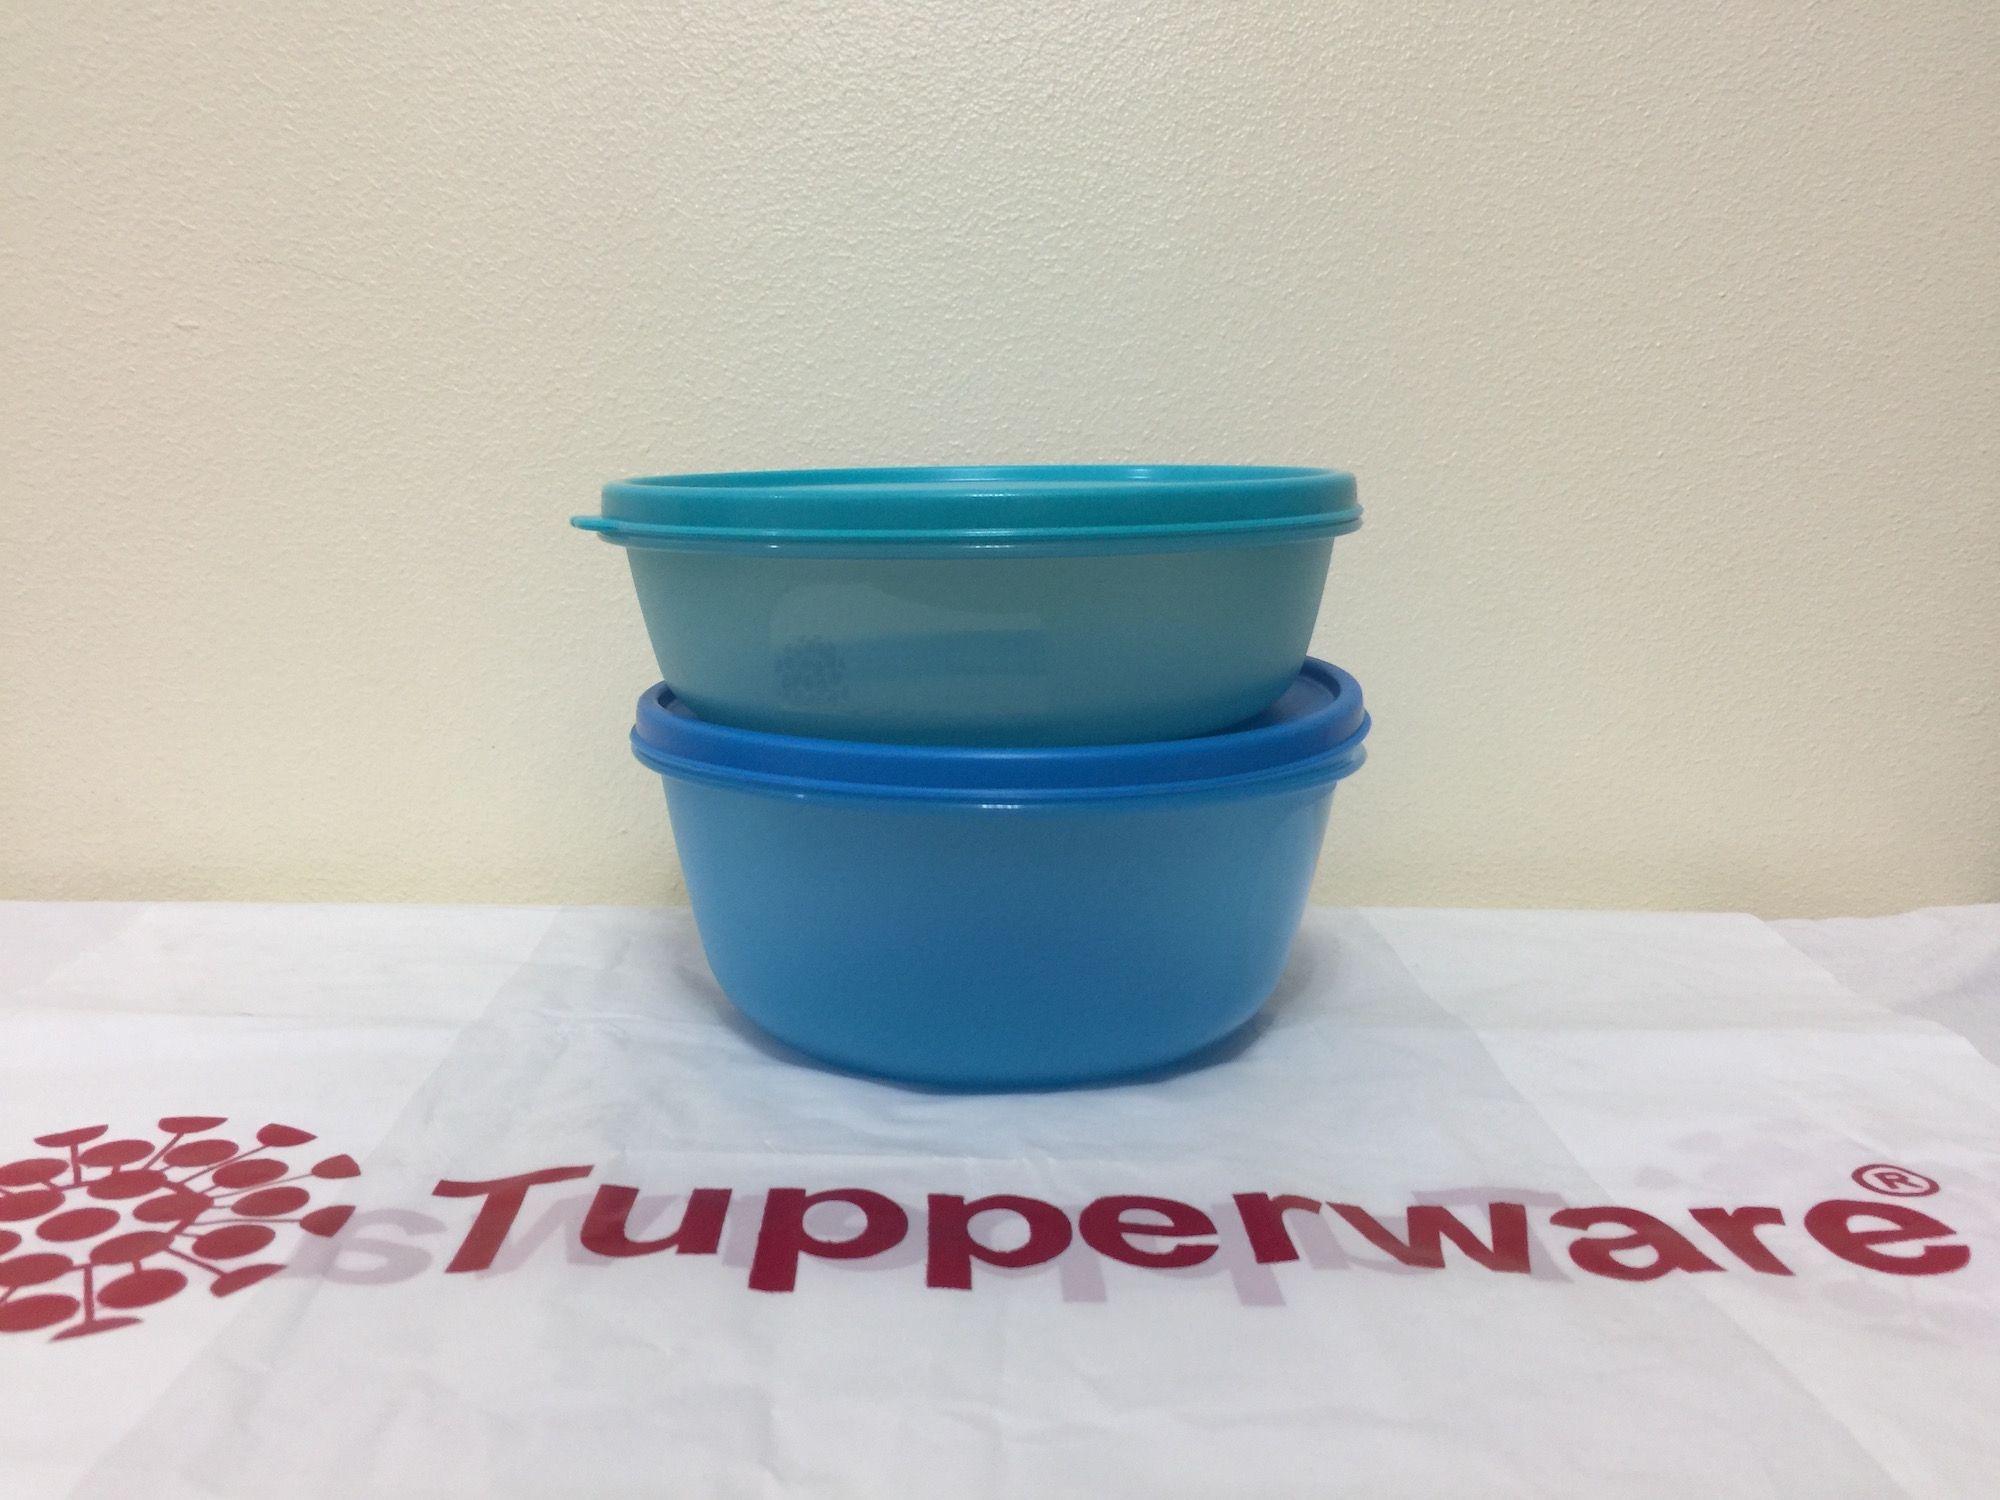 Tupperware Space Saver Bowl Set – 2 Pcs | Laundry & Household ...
---
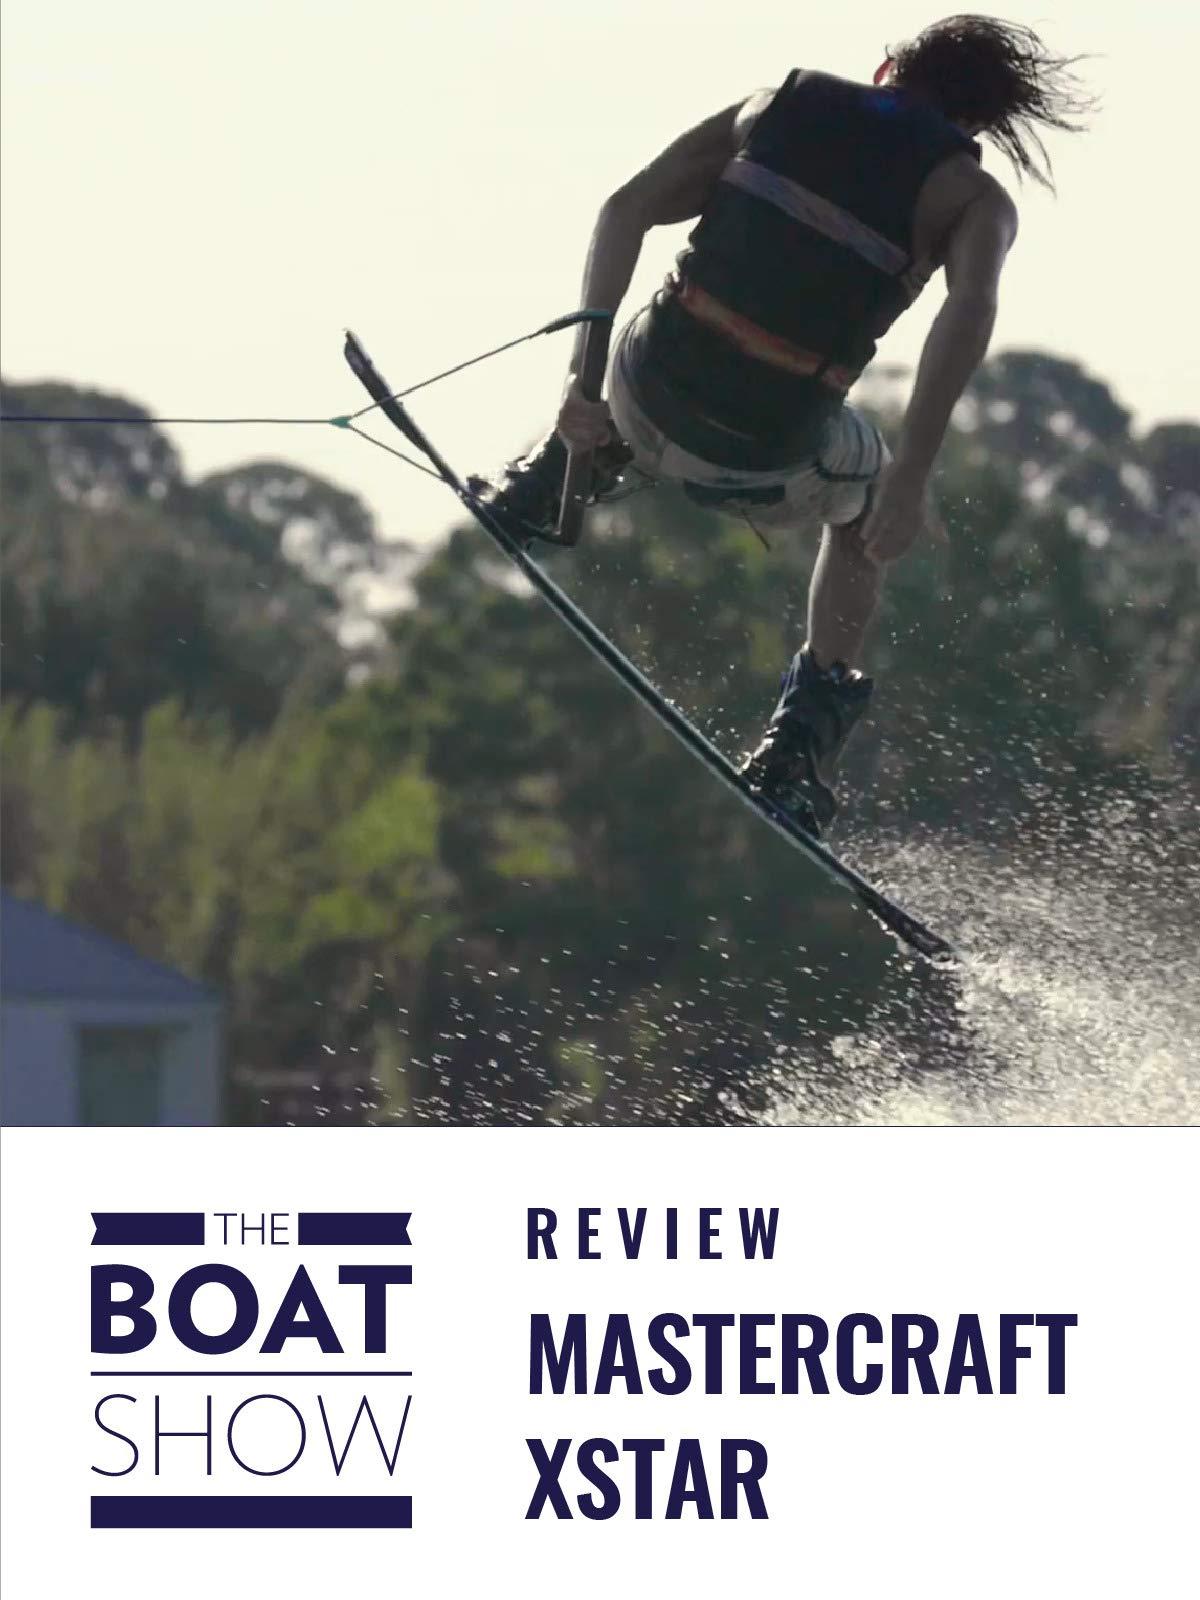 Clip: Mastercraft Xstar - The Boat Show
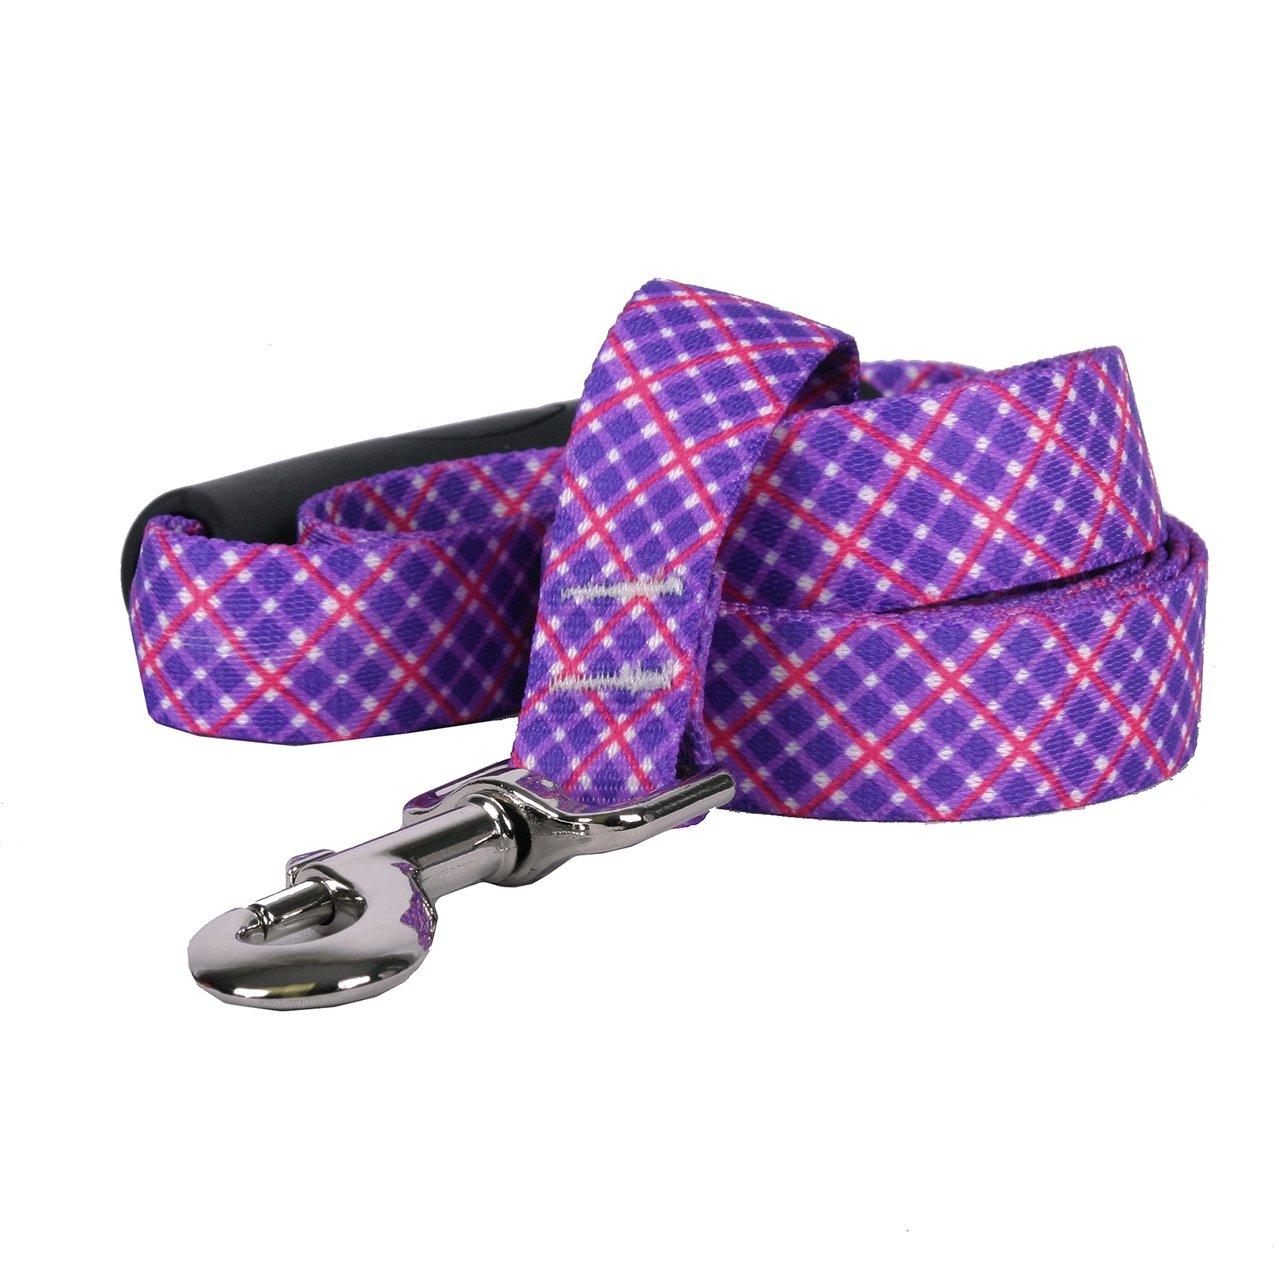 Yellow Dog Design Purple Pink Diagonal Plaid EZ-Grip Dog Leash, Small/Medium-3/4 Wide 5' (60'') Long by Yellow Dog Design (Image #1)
---
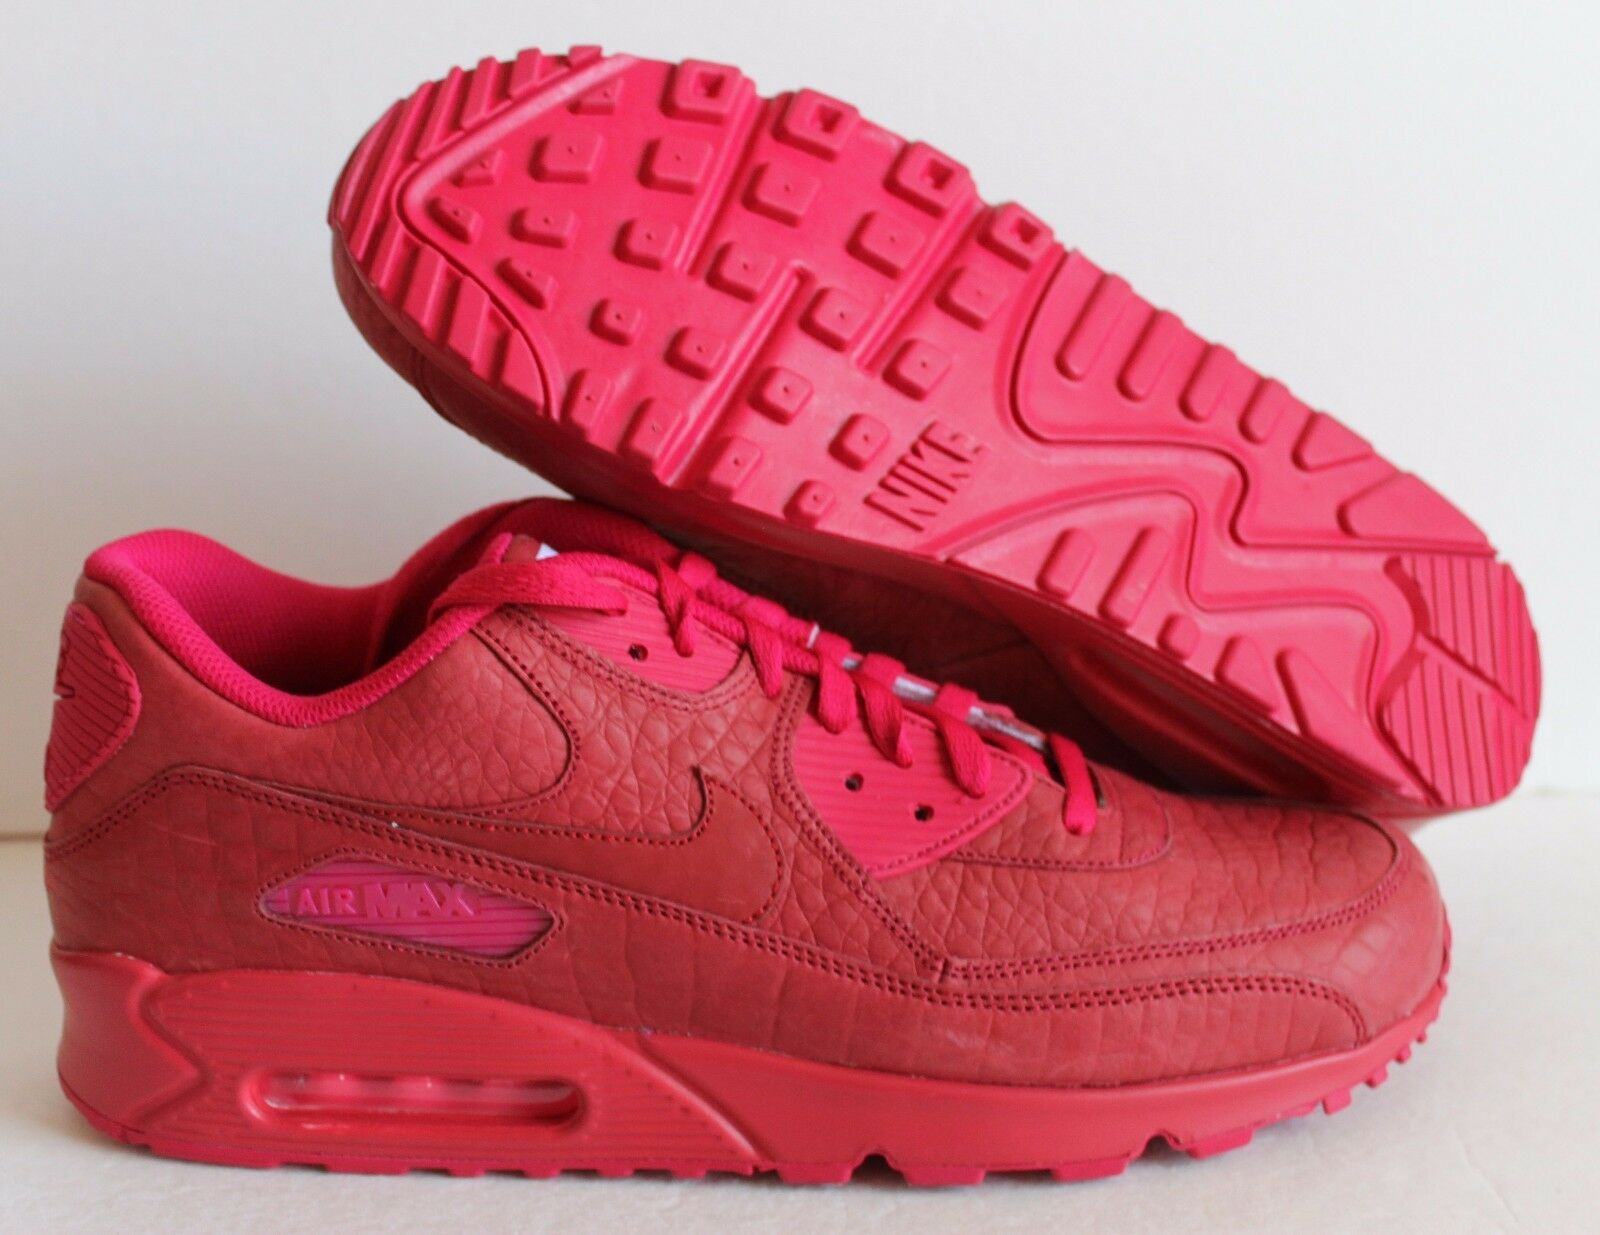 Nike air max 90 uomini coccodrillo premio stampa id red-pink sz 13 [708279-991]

Exercise brief -
Reproduce, word for word, everything in the listing above from the line containing "Clip: Mastercraft Xstar - The Boat Show" down to the line containing "Yellow Dog Design Purple", both of them included. No pictures.

Answer to this exercise -
 Clip: Mastercraft Xstar - The Boat Show
 Yellow Dog Design Purple Pink Diagonal Plaid EZ-Grip Dog Leash, Small/Medium-3/4 Wide 5' (60'') Long by Yellow Dog Design (Image #1)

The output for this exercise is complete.